§ **WORK TASK**: Emit the data below verbatim, stripping out any pictures.

§ **INFORMATION PROVIDED**:
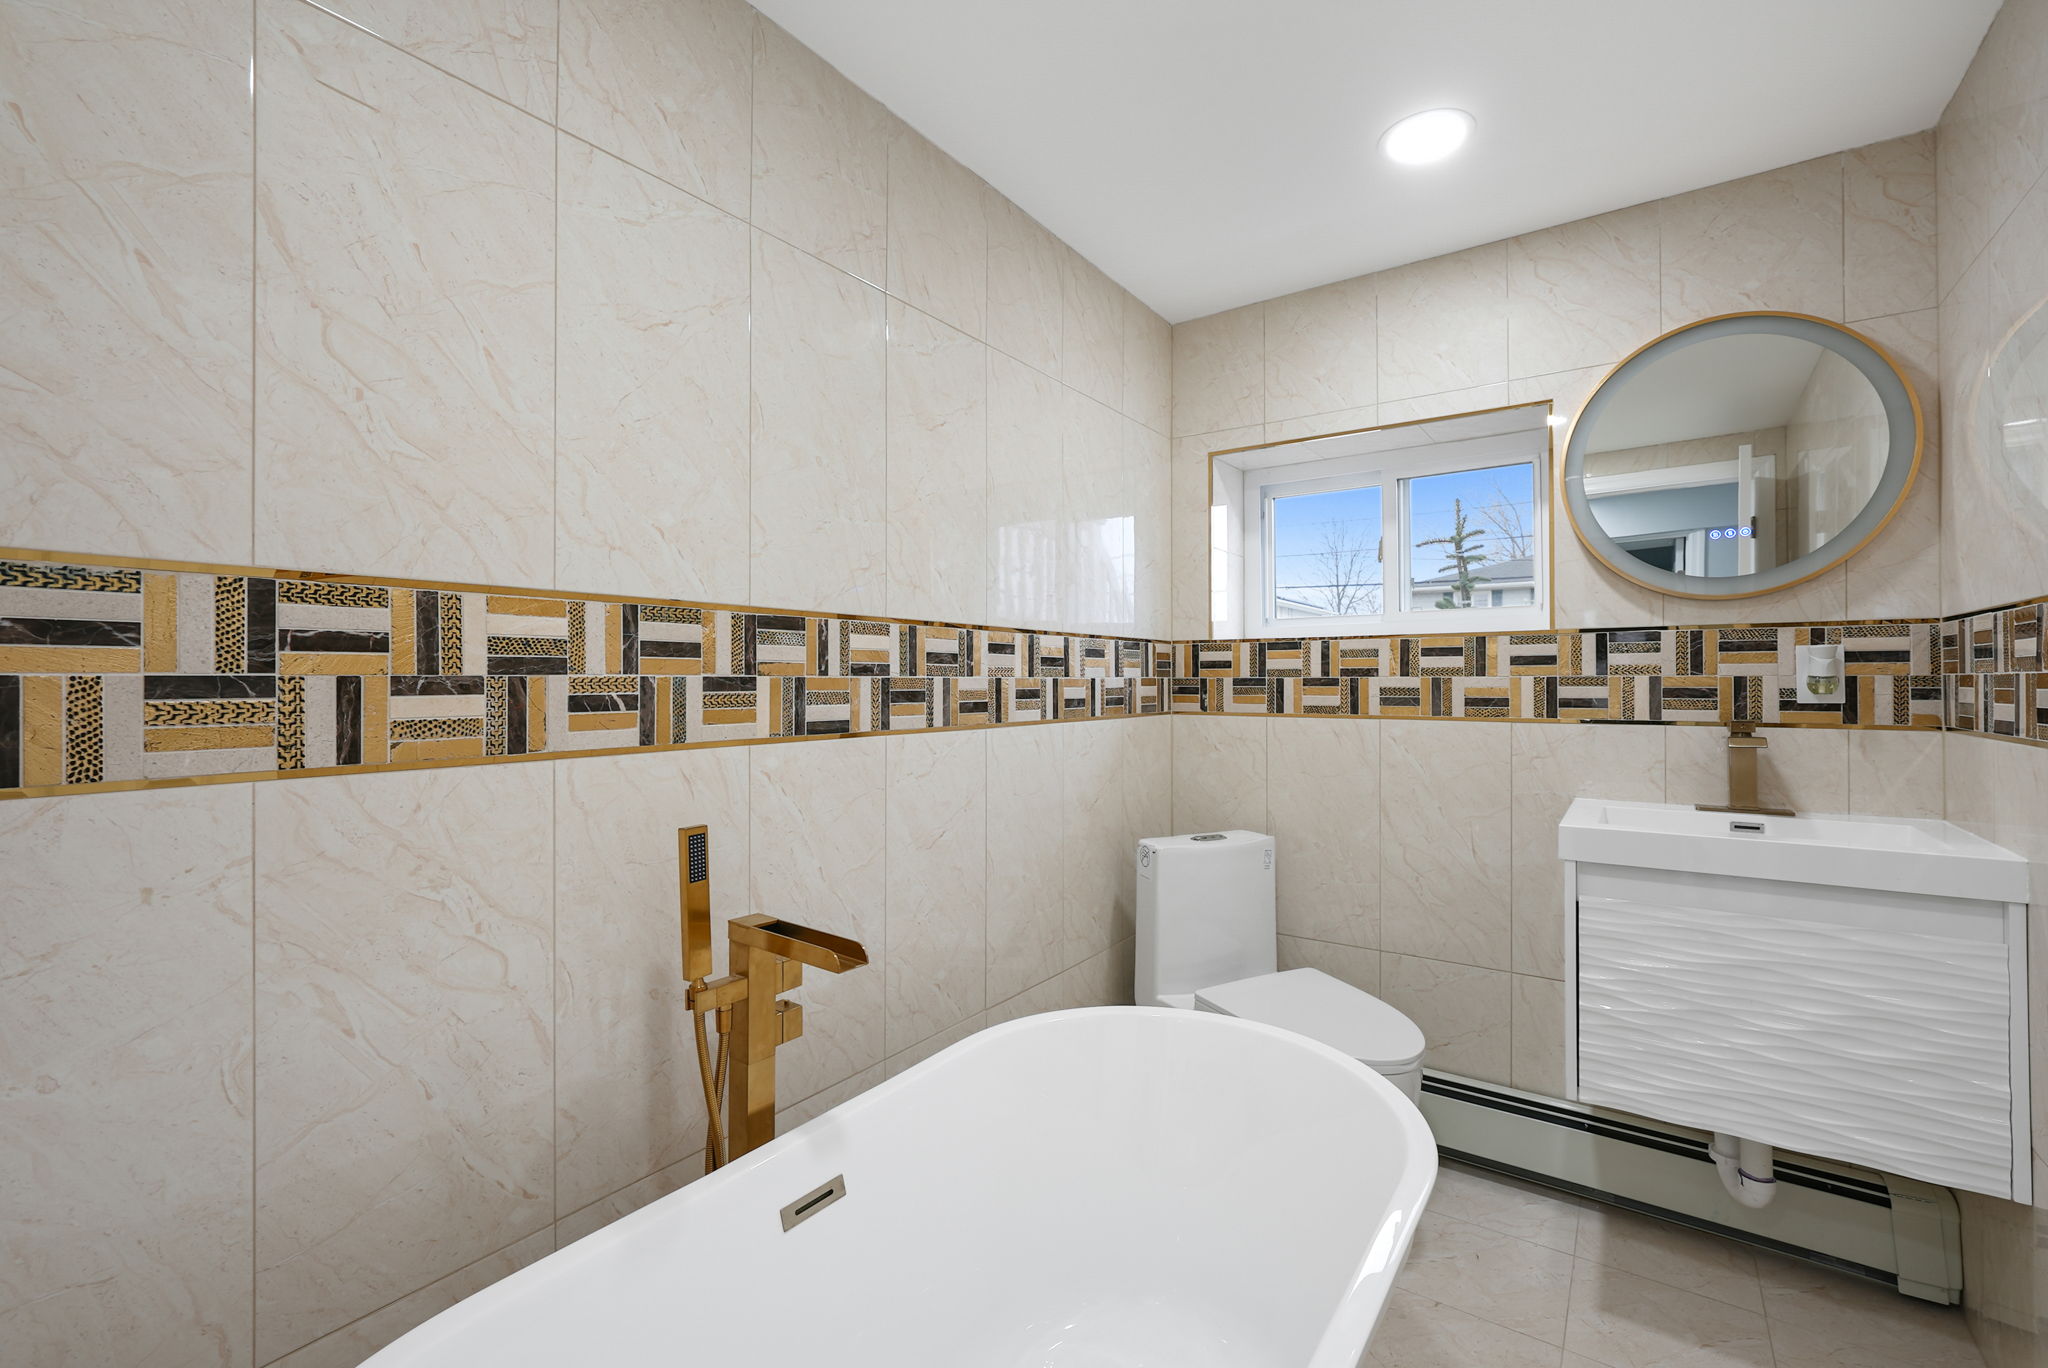 Fully Tiled Bathroom
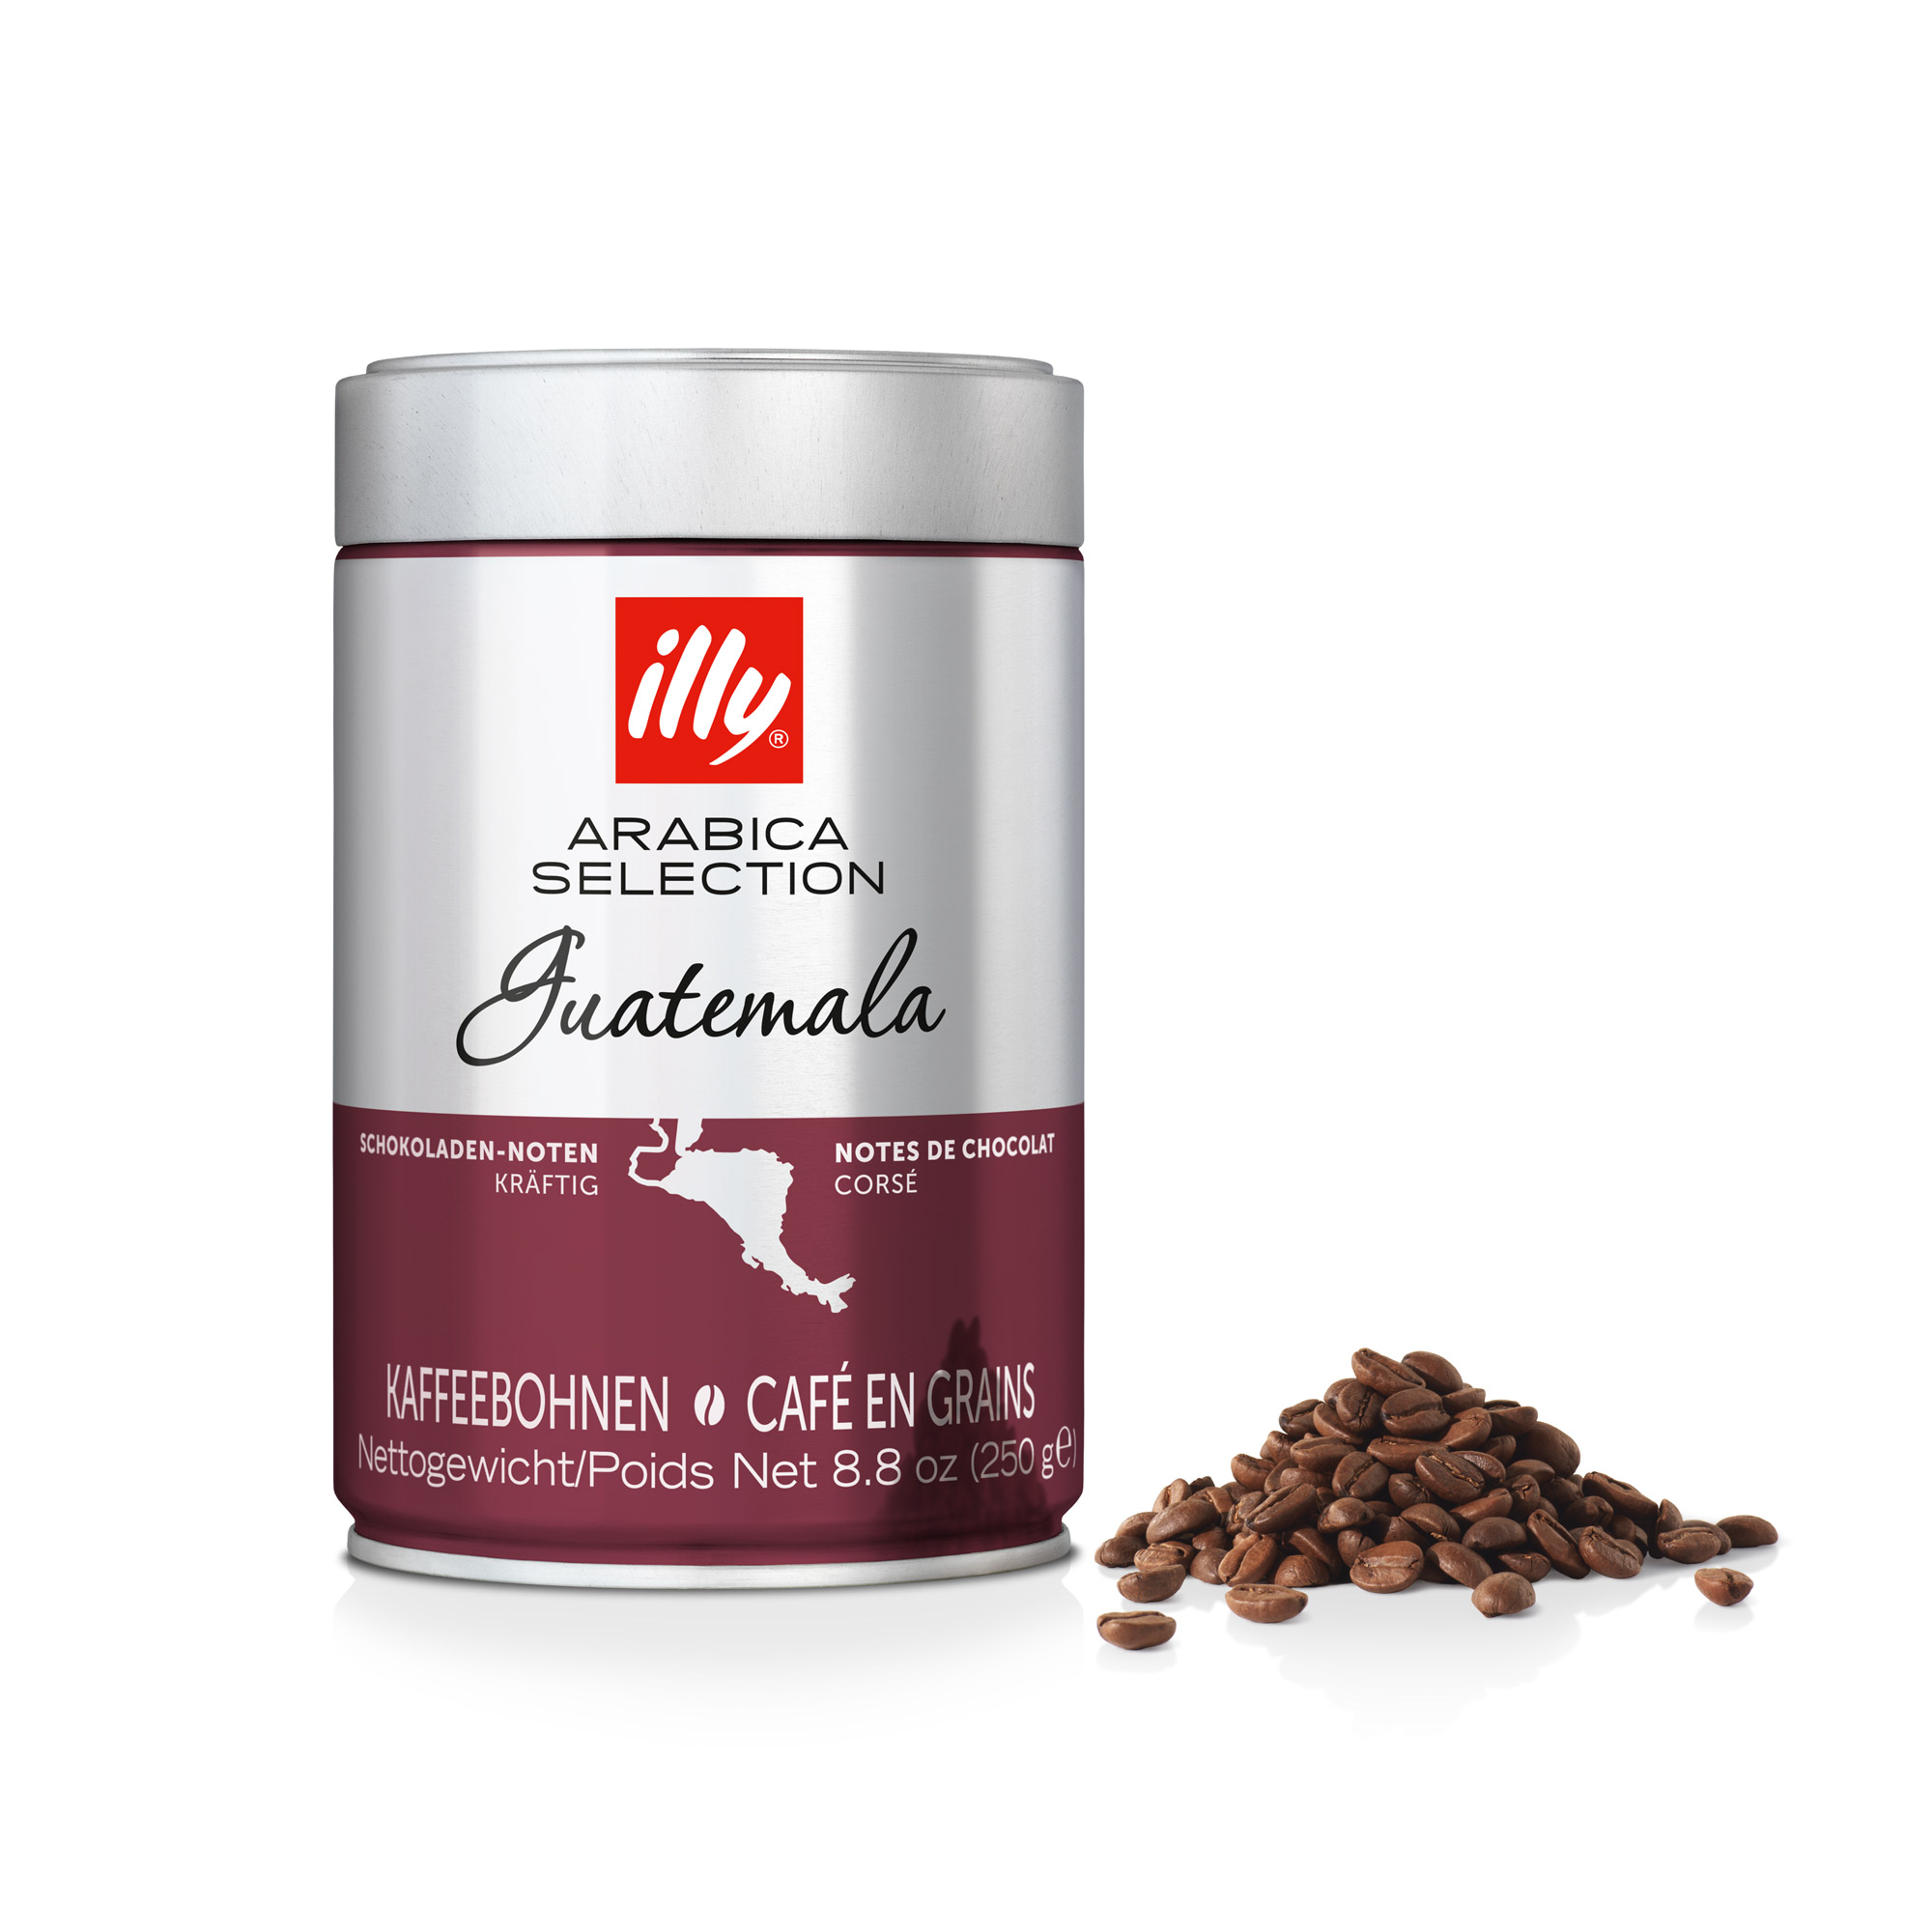 Espressobohnen der Arabica Selection aus Guatemala
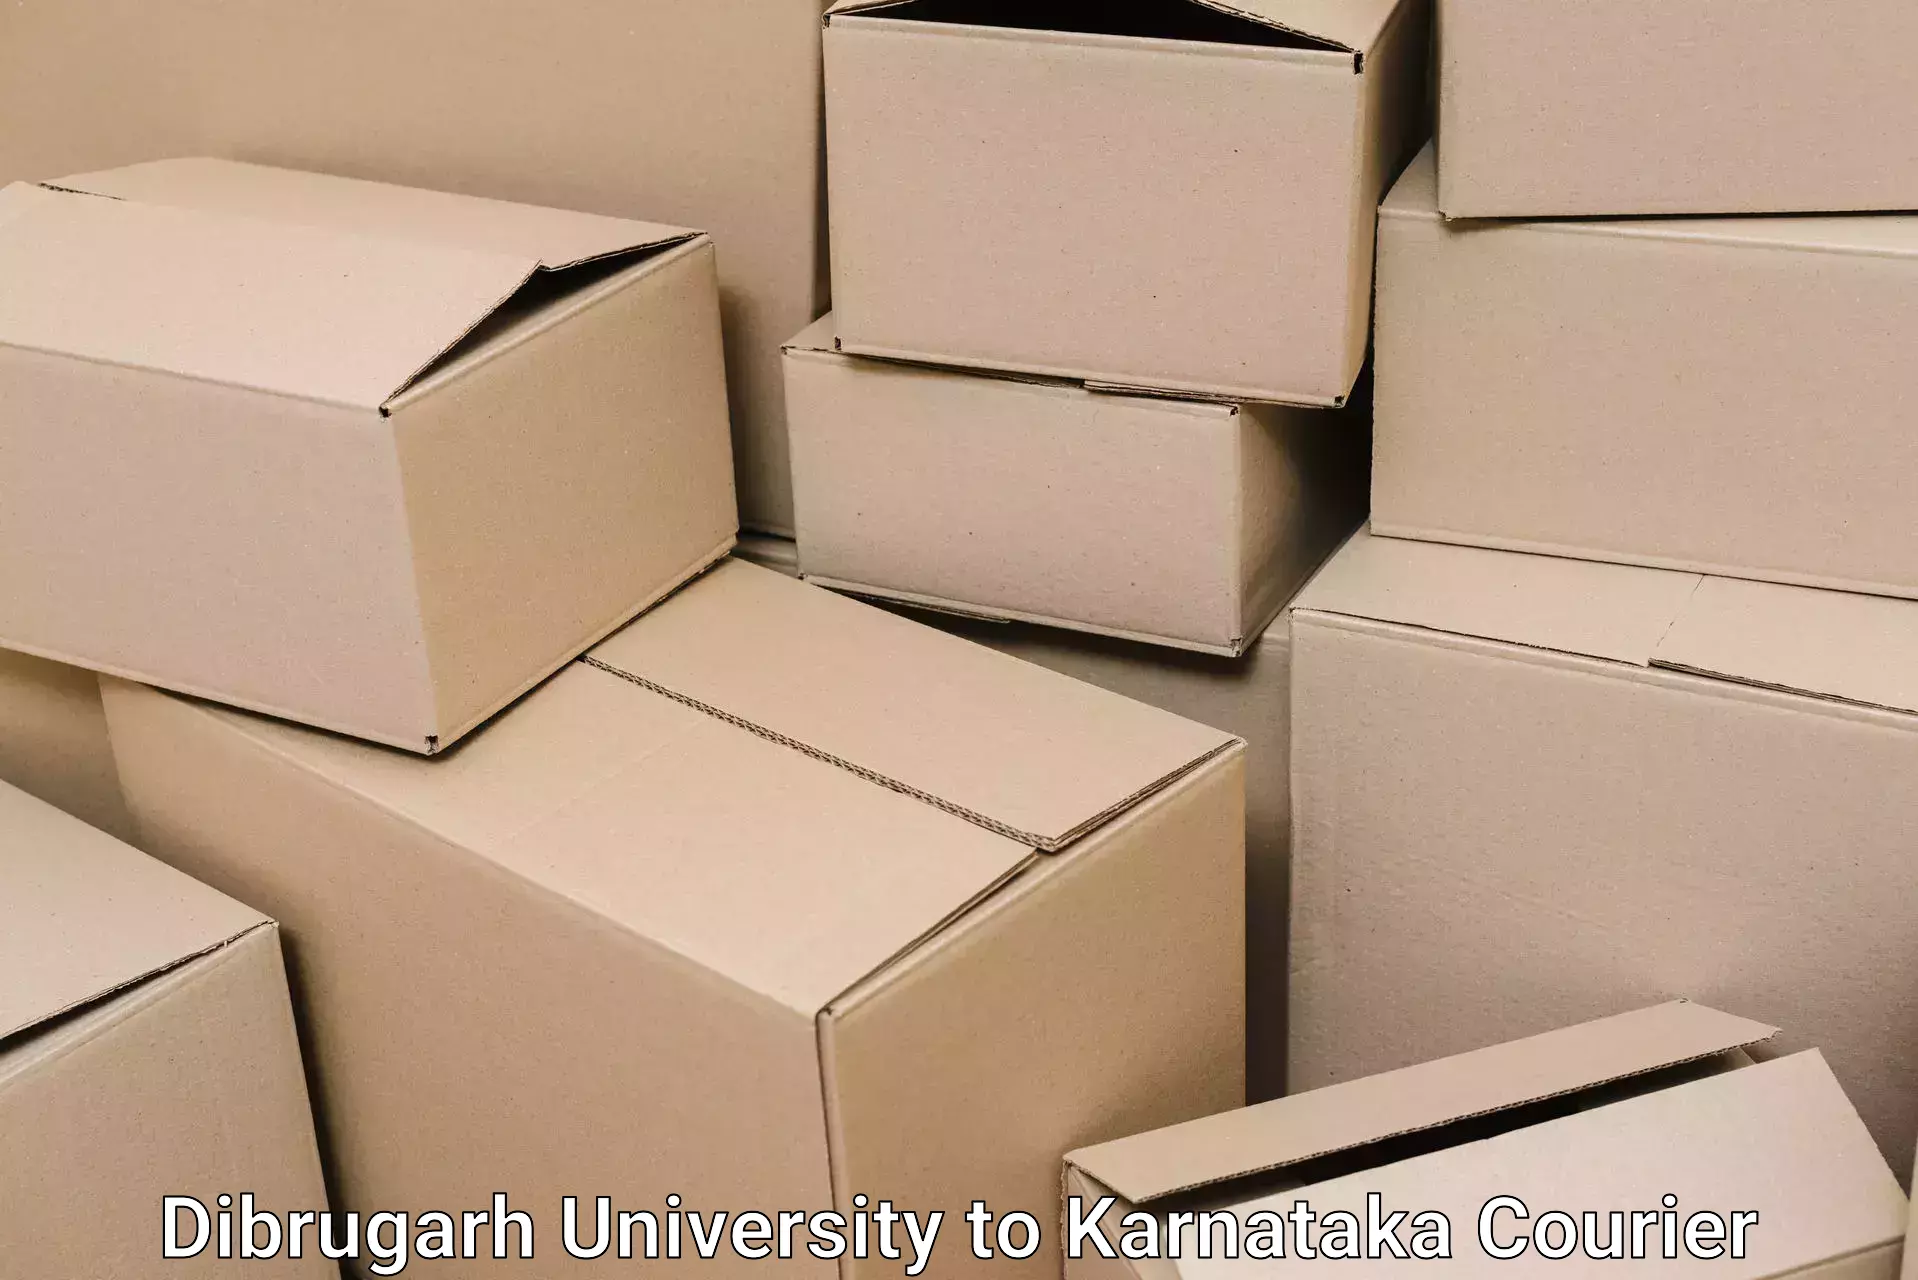 Furniture moving plans Dibrugarh University to Kurugodu

§ **EXPECTED ANSWER**:
 Fully Tiled Bathroom
 Espressobohnen der Arabica Selection aus Guatemala
 Furniture moving plans Dibrugarh University to Kurugodu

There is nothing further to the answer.